Blueberries should be plump and unwrinkled, kept refrigerated for up to three days, and their grayish skin covering, called “bloom,” should not be washed off until ready to use. But you do have to pick yourself up and go buy them. Greenmarkets should be full to bursting by now, or the more intrepid among you can research farms at visitnjfarms.org, and go pick your own. Just hurry. The season is aging fast.

Blueberry Mousse
Courtesy of Patrice Yvon at L’Anjou Patisserie
(Serves 8)

½ cup heavy cream
1 Tbsp confectioner’s sugar
½ cup large egg whites (3 or 4)
1 cup granulated sugar
¼-oz packet unflavored gelatin
1¼ cups fresh blueberries, puréed until smooth
8 mint sprigs, for garnish (optional)
3 Tbsp fresh blueberries, for garnish (optional)

 

Combine heavy cream and confectioner’s sugar in medium bowl. With electric mixer, beat on medium speed until firm peaks form. Refrigerate.
 

In a large, clean bowl, beat egg whites at medium speed until soft peaks form. Gradually add ¼ cup granulated sugar and continue to beat until peaks are stiff but not dry.
In a medium saucepan, combine remaining ¾ cup sugar with 3 tablespoons water. Over low heat, stir until sugar dissolves, scraping down any crystals that cling to sides of pan.

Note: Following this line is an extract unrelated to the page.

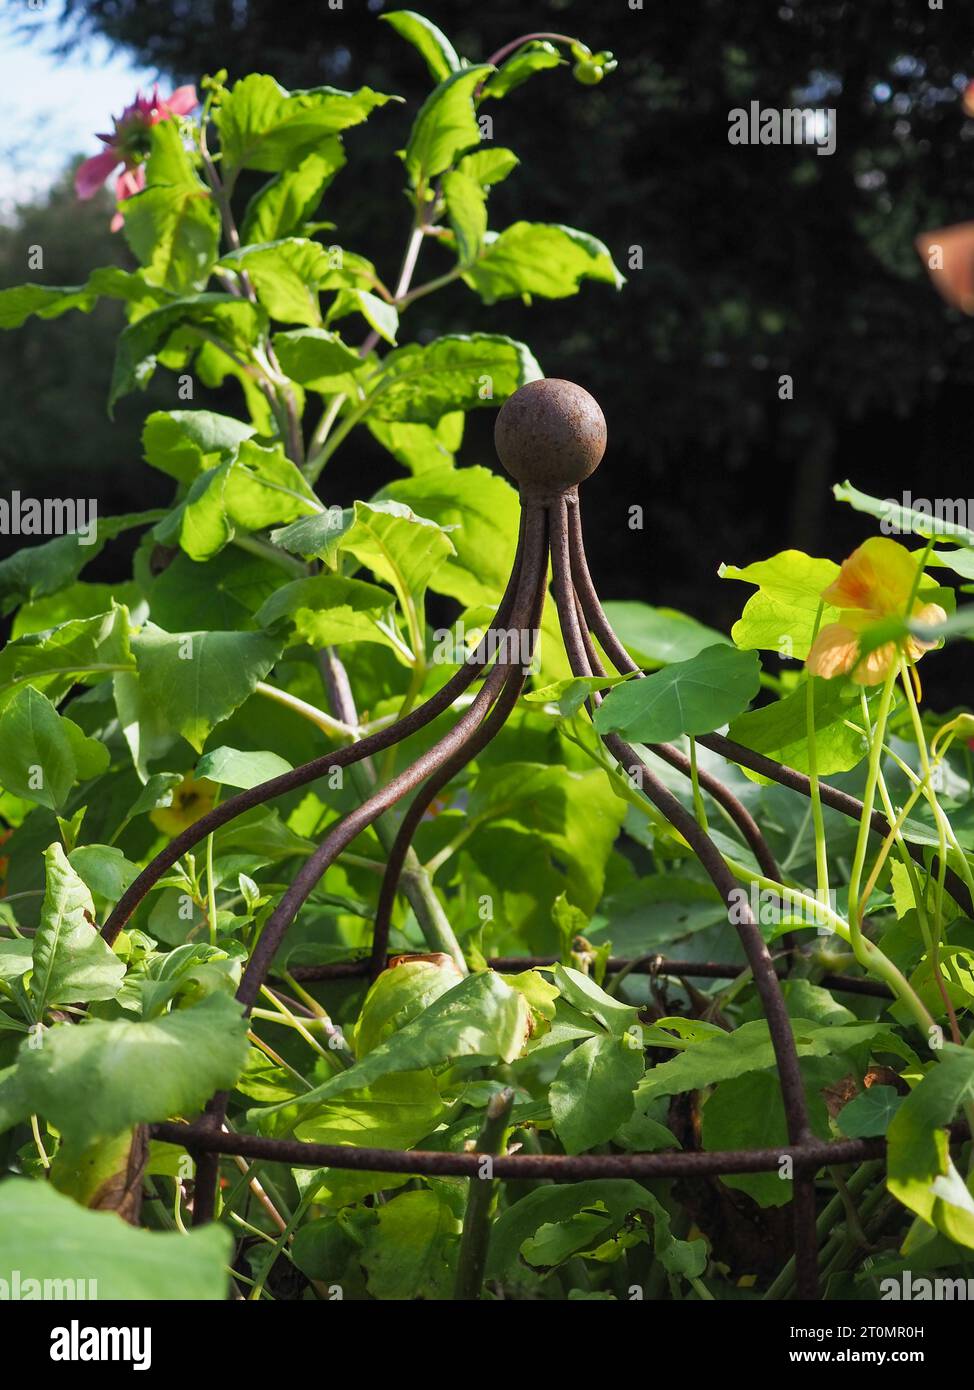 Gros plan d'un support de plante métallique rustique (style cage en fer rouillé) entouré de feuillage vert frais dans une bordure de jardin britannique Banque D'Images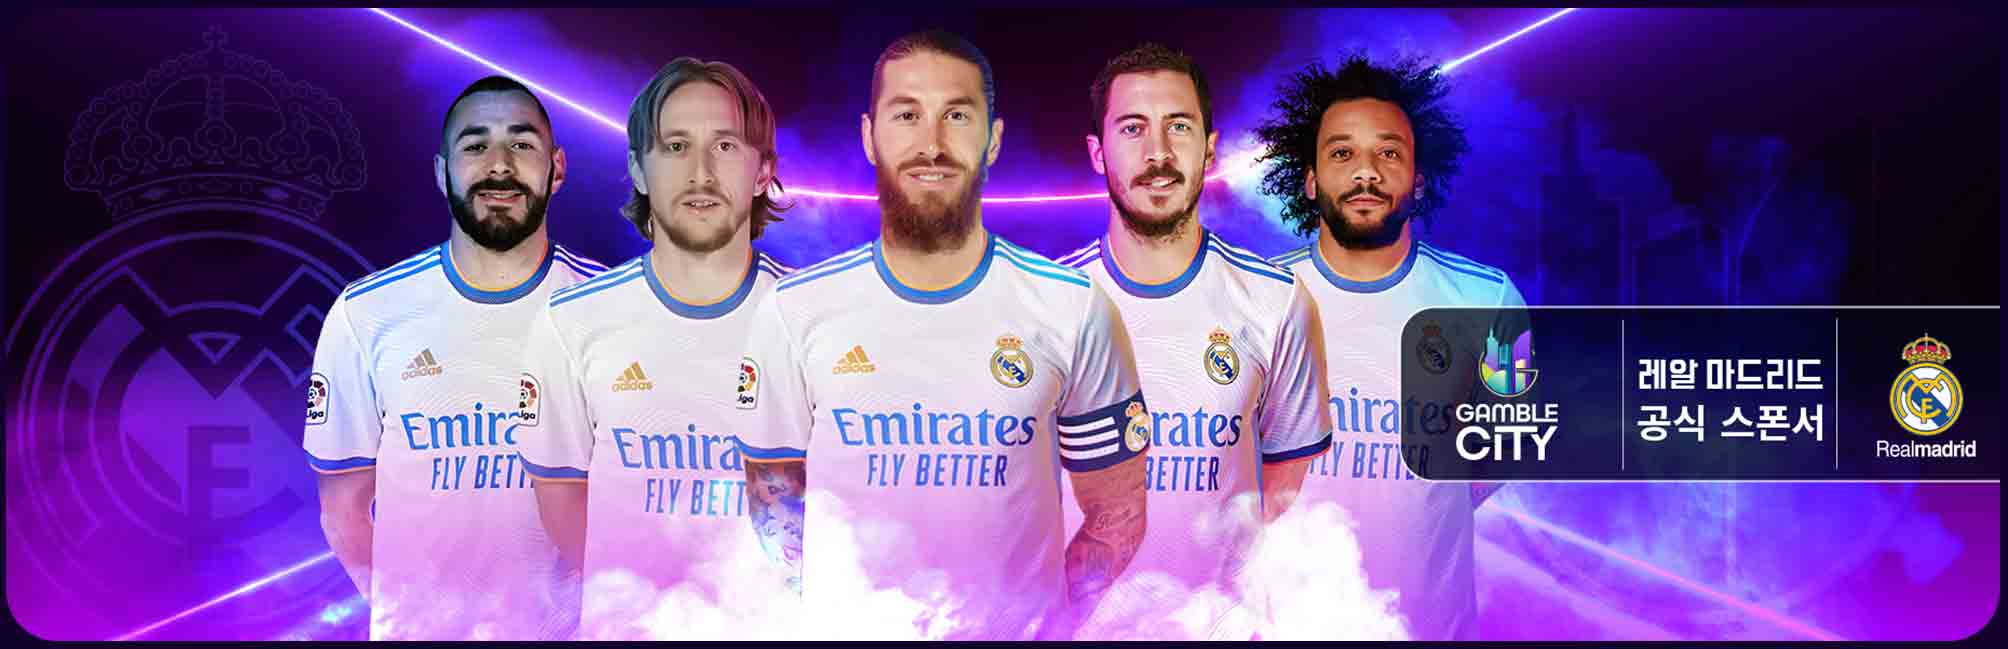 Real Madrid Gamble City

Increase heat to medium and bring to a boil without stirring. Cook until temperature on warmed candy thermometer reads 250˚F. Remove pan from heat; cool for 2 minutes. Put ¼ cup cold water in small bowl. Sprinkle gelatin over, wait 2 minutes, then stir to dissolve.
 

With mixer on, pour cooled sugar in a thin stream into beaten egg whites, beating constantly until mixture cools, 10 to 15 minutes (forming Italian meringue). Add gelatin mixture to egg-white mixture; continue beating for 5 minutes. Add blueberry purée, then beat for 2 minutes.
 

Fold 1/3 of the whipped cream into mixture, working in a circular motion from bottom to top of bowl. Repeat with remaining whipped cream, adding 1/3 at a time until fully in­corporated. Transfer mousse to serving bowl and refrigerate at least 2 hours. Serve chilled, with mint and blueberries, if desired.